Ekonom telah memperingatkan keadaan ekonomi global dalam beberapa bulan terakhir merujuk sejumlah masalah yang berdampak pada pertumbuhan.
Pekan lalu, Bank Dunia (World Bank) mengatakan bahwa ekonomi global hampir jatuh ke dalam resesi. Ramalan terbaru disebabkan sejumlah faktor yang berasal dari invasi Rusia ke Ukraina dan dampak pandemi.
Amerika Serikat (AS), zona euro dan China merupakan tiga bagian paling berpengaruh di dunia untuk pertumbuhan ekonomi. Seluruhnya mengalami periode kelemahan nyata.

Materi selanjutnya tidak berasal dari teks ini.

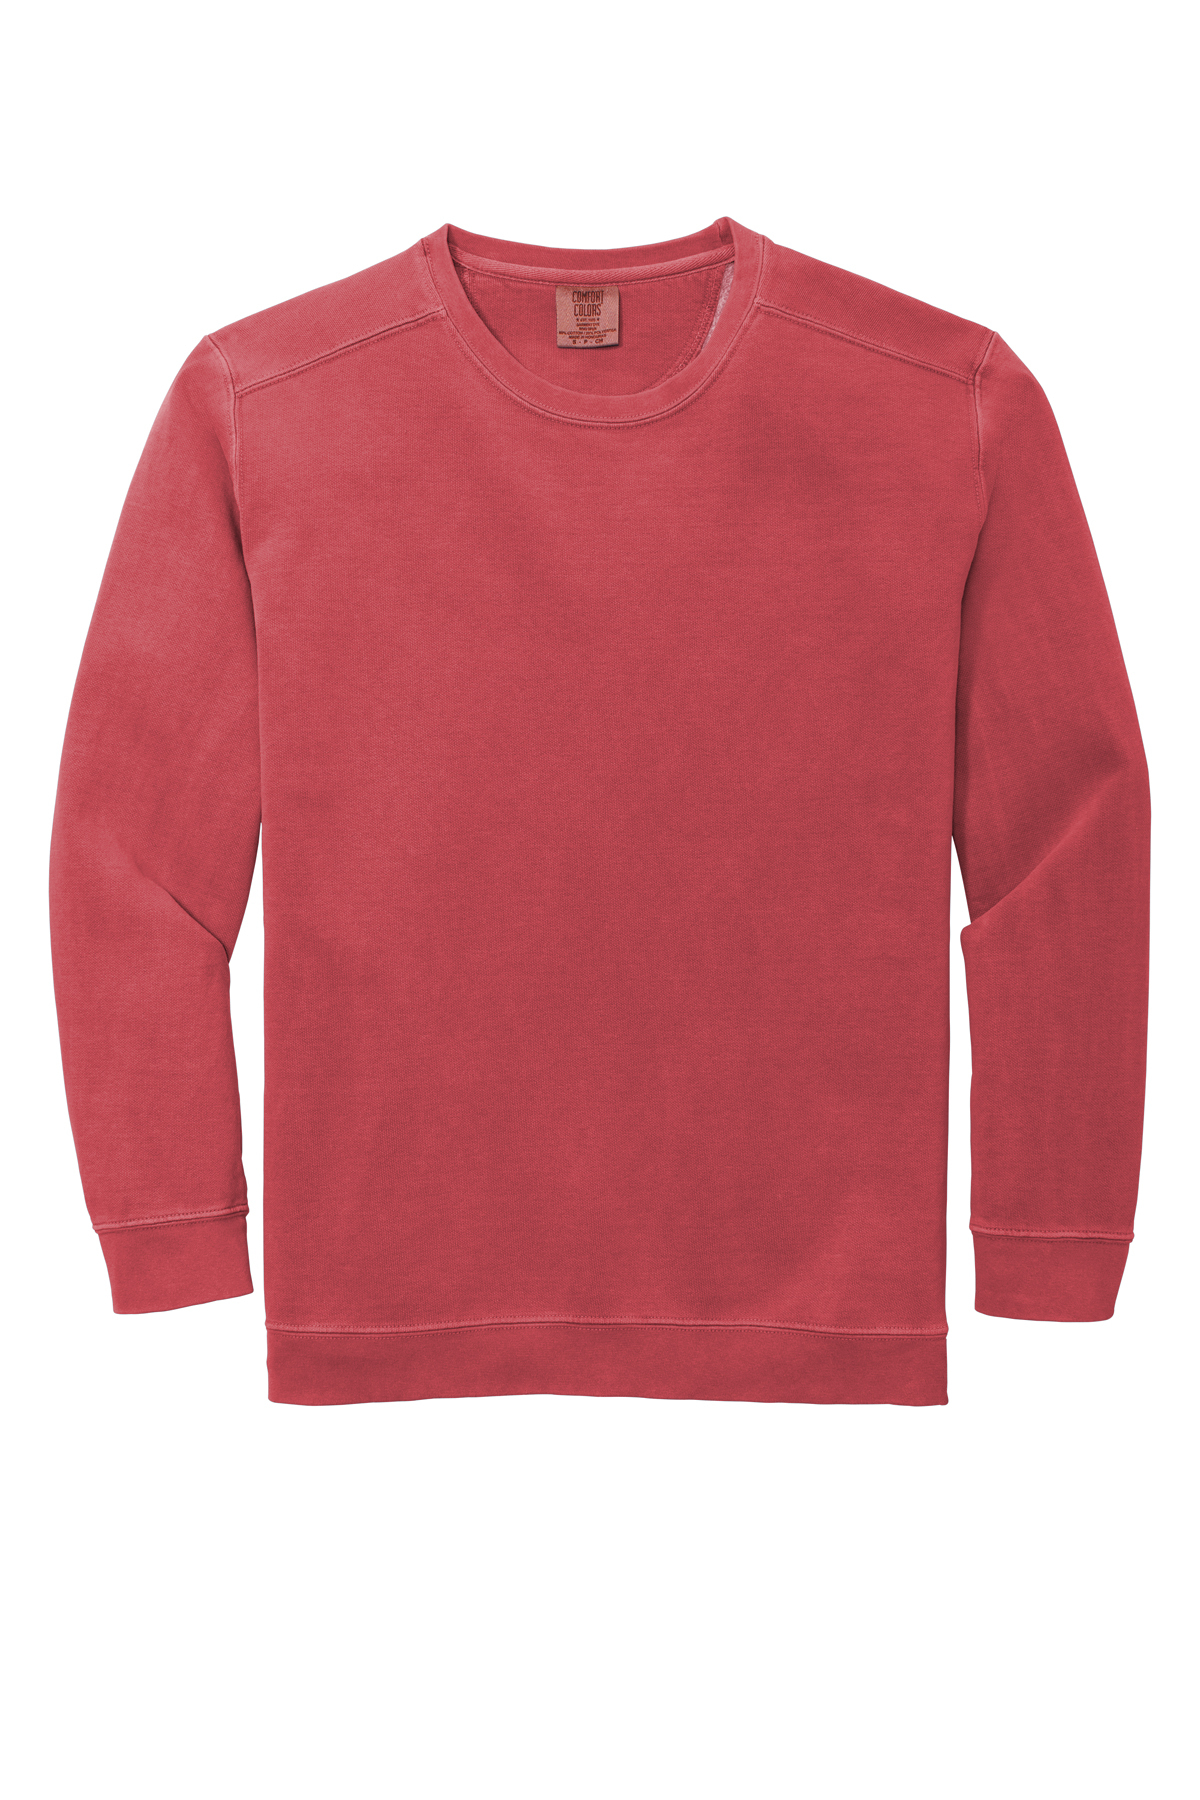 Comfort Colors 1566, Ring Spun Crewneck Sweatshirt
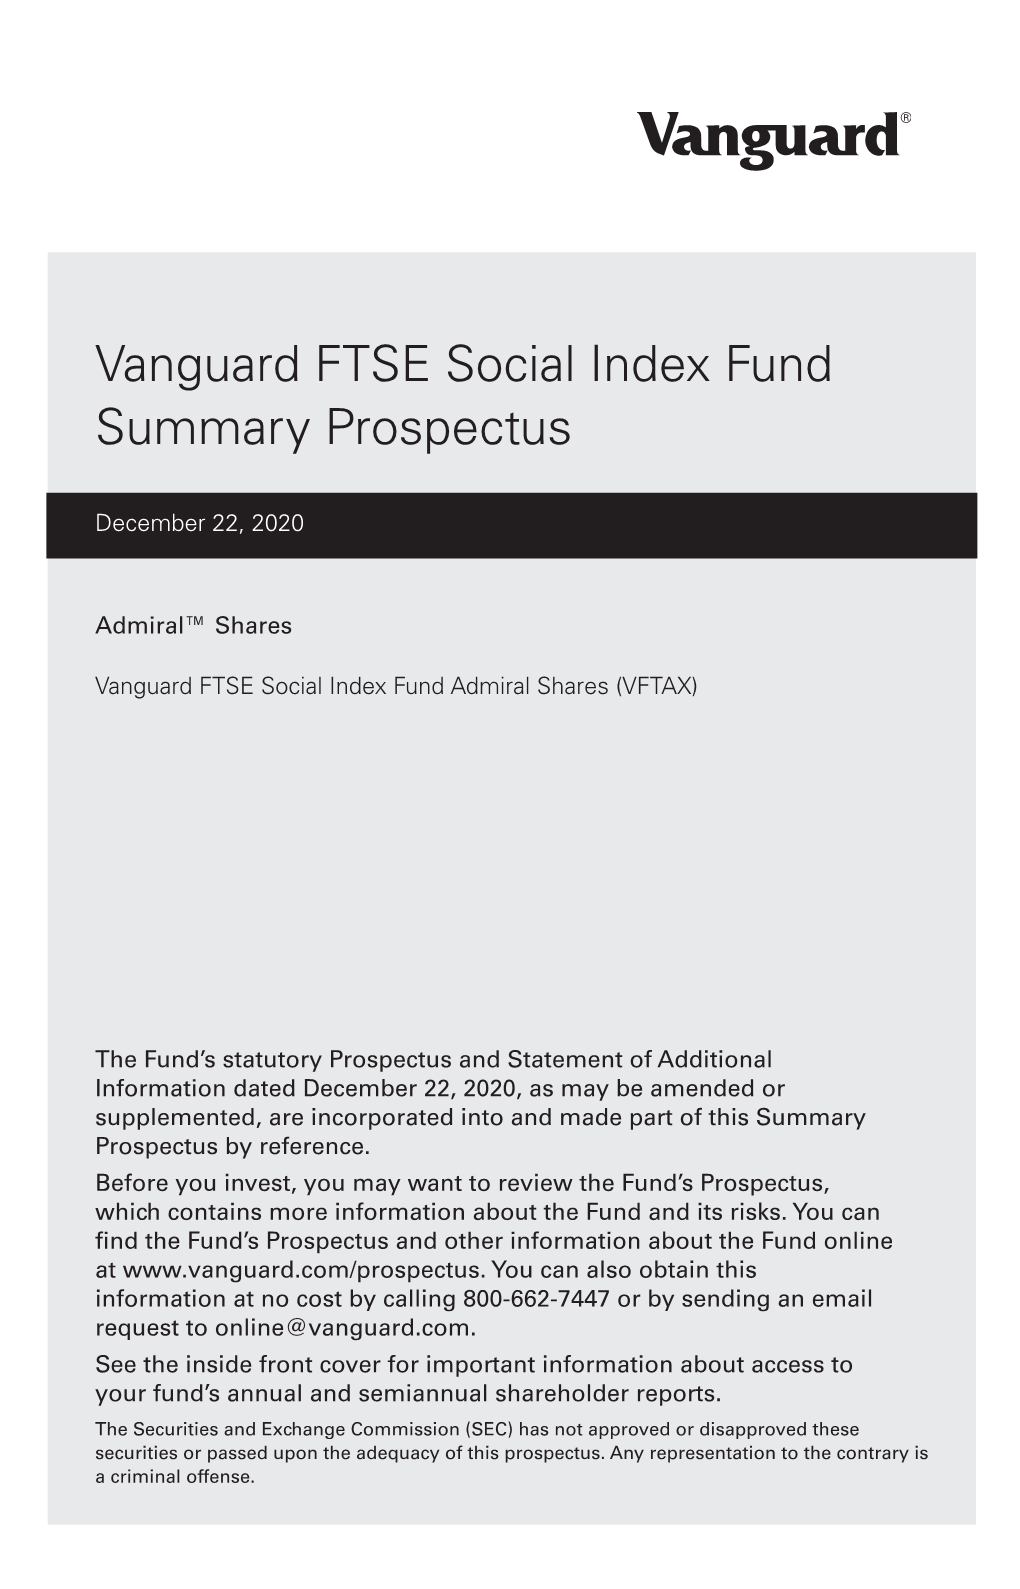 Vanguard FTSE Social Index Fund Summary Prospectus

Perlambatan turut memperburuk masalah yang dihadapi oleh negara-negara miskin. PDB adalah ukuranatau upaya untuk mengukur seluruh aktivitas pemerintah, perusahaan, dan individu di suatu negara. Hal itu membantu bisnis untuk menilai kapan harus memperluas dan mempekerjakan lebih banyak orang, dan bagi pemerintah untuk menentukan berapa banyak pajak dan pengeluaran.
Biro Statistik Nasional China melaporkan harga rumah baru turun selama lima bulan berturut-turut di bulan Desember. Harga di bulan terakhir tahun 2022 turun 0,2% dari bulan sebelumnya karena wabah Covid-19 di seluruh negeri mengurangi permintaan.
Pekan lalu, Direktur Pelaksana Dana Moneter Internasional (IMF) Kristalina Georgieva mendesak Beijing untuk terus membuka kembali ekonominya.
"Yang paling penting adalah agar China tetap berada di jalurnya, tidak mundur dari pembukaan kembali itu," kata Georgieva. "Jika mereka tetap pada jalurnya, pada pertengahan tahun atau sekitar itu, China akan menjadi kontributor positif untuk rata-rata pertumbuhan global," tambahnya.
Lihat SINDOgrafis: Pertama Kali di China, Xi Jinping Jabat Tiga Periode
Ekonom Utama pada S&P Global Market Intelligence Yating Xu mengatakan telah melihat tanda-tanda pemulihan bertahap dalam aktivitas konsumen China sejak dibuka kembali.
"Sikap pro-pertumbuhan pemerintah yang meningkat, dan pemulihan ekonomi memasuki 2023 mengurangi kemungkinan pembalikan kebijakan pandemi," jelas dia.
"Namun, pembukaan kembali secara penuh perbatasan China daratan kemungkinan akan ditunda sampai pembatasan internasional terhadap perjalanan yang berasal dari China dicabut," kata Yating Xu.